Erasure coded pools

Erasure coded pools use a technique that allows for the same resiliency as replicated pools, yet require less space to achieve (i.e. storage overhead is reduced). An object is split into data “chunks”, and parity “chunks” are then generated. All chunks are distributed amongst a user-configurable number of OSDs.

Note: Erasure coded pools require more memory and CPU cycles than replicated pools do. They are also only supported starting with Ceph Luminous.

Erasure coding is enabled by modifying a charm’s pool type. This only affects the pool(s) associated with that charm:

pool-type: erasure-coded

The current list of Juju charms that support erasure coded pools is given here:

  • ceph-fs
  • ceph-radosgw
  • cinder-ceph
  • glance
  • nova-compute

For these charms there are many configuration options pertinent to erasure coding, but the two that are most widely used are:

ec-profile-k: 1
ec-profile-m: 2

The values given above are the defaults.

Note: The full list of options related to erasure coding are covered in the Ceph erasure coding section of the OpenStack Charms Deployment Guide.

Option ec-profile-k gives the number of equal-sized data chunks an object is split into. Option ec-profile-m gives the number of parity chunks that are generated. Based on the recovery algorithm, ec-profile-m also ends up being the number of failed OSDs that a cluster can sustain without incurring data loss. The sum of ec-profile-k and ec-profile-m is the number of OSDs that an object will be distributed amongst.

Important: The sum of ec-profile-k and ec-profile-m must never surpass the number of OSDs in the cluster.

Unlike the ‘replicated’ pool type, to use erasure coded pools some configuration and judgement is required.

Consider the following essential options and their respective default values:

pool-type: erasure-coded
ec-profile-k: 1
ec-profile-m: 2

A cluster thus configured will effectively distribute an object amongst three OSDs and be able to sustain the loss of two of them. The original object is not split (k=1) so the parity chunks are simply distributed to the two other OSDs (m=2). The space required is 300% of the original data (i.e. a storage overhead of 200%). This is the storage overhead of a replicated pool with three OSDs, but such a cluster would also acquire a processing overhead in terms of CPU, memory, and network traffic.

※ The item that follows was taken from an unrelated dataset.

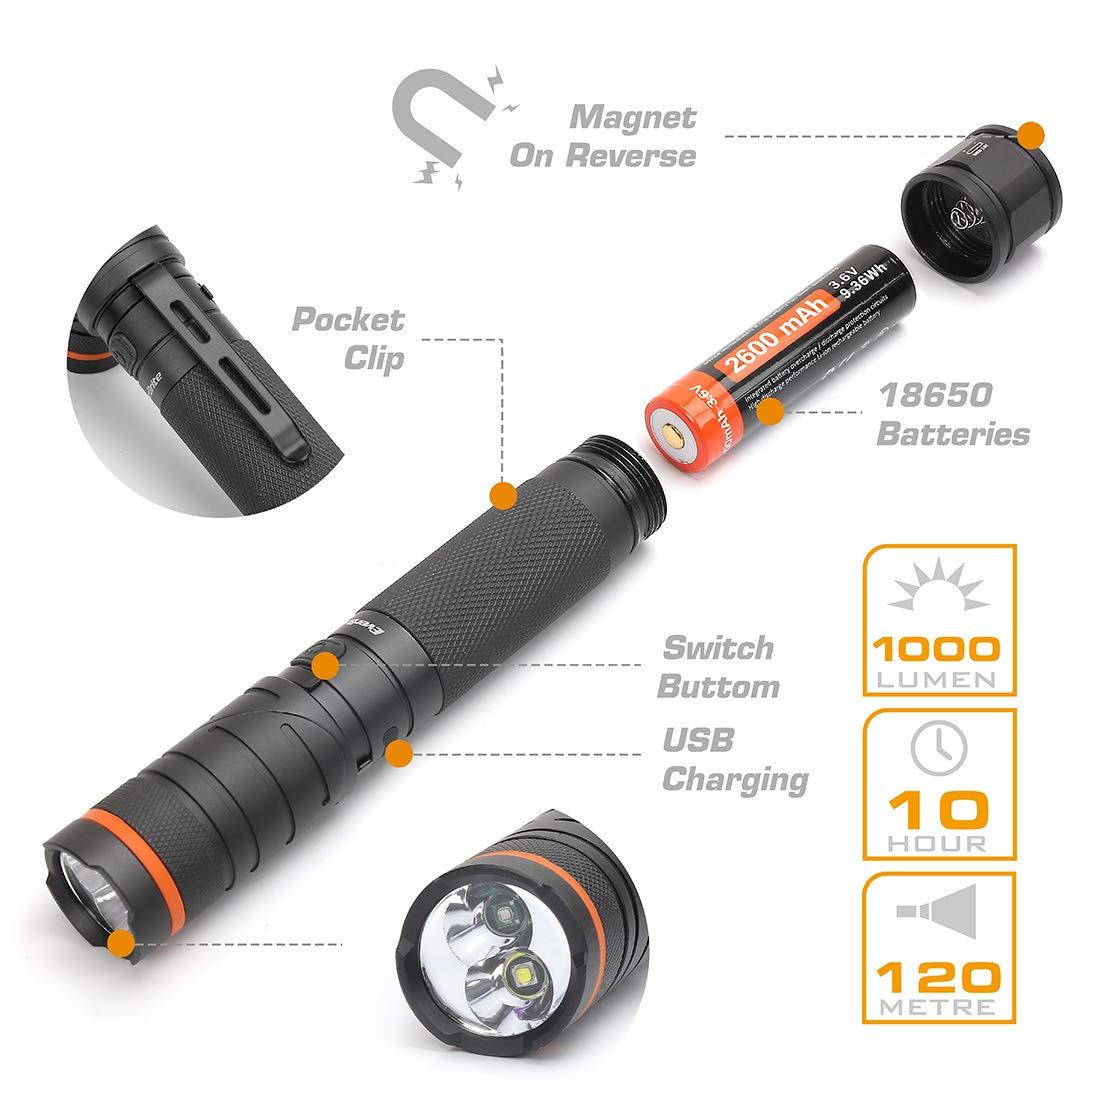 EverBrite LED Taschenlampe Wasserdicht IP65 UV Licht 90 ° drehbares Kopf und USB-Ladefunktion mit Magnet und Taschenclip LTD

Note: All data and parity chunks for any given cluster are of the same size. Data chunks can be used to reconstruct an object and parity chunks can be used to rebuild a lost data chunk.

Now consider the following:

pool-type: erasure-coded
ec-profile-k: 10
ec-profile-m: 4

A cluster thus configured will effectively distribute an object amongst 14 OSDs and be able to sustain the loss of four of them, and the storage overhead is just 40%.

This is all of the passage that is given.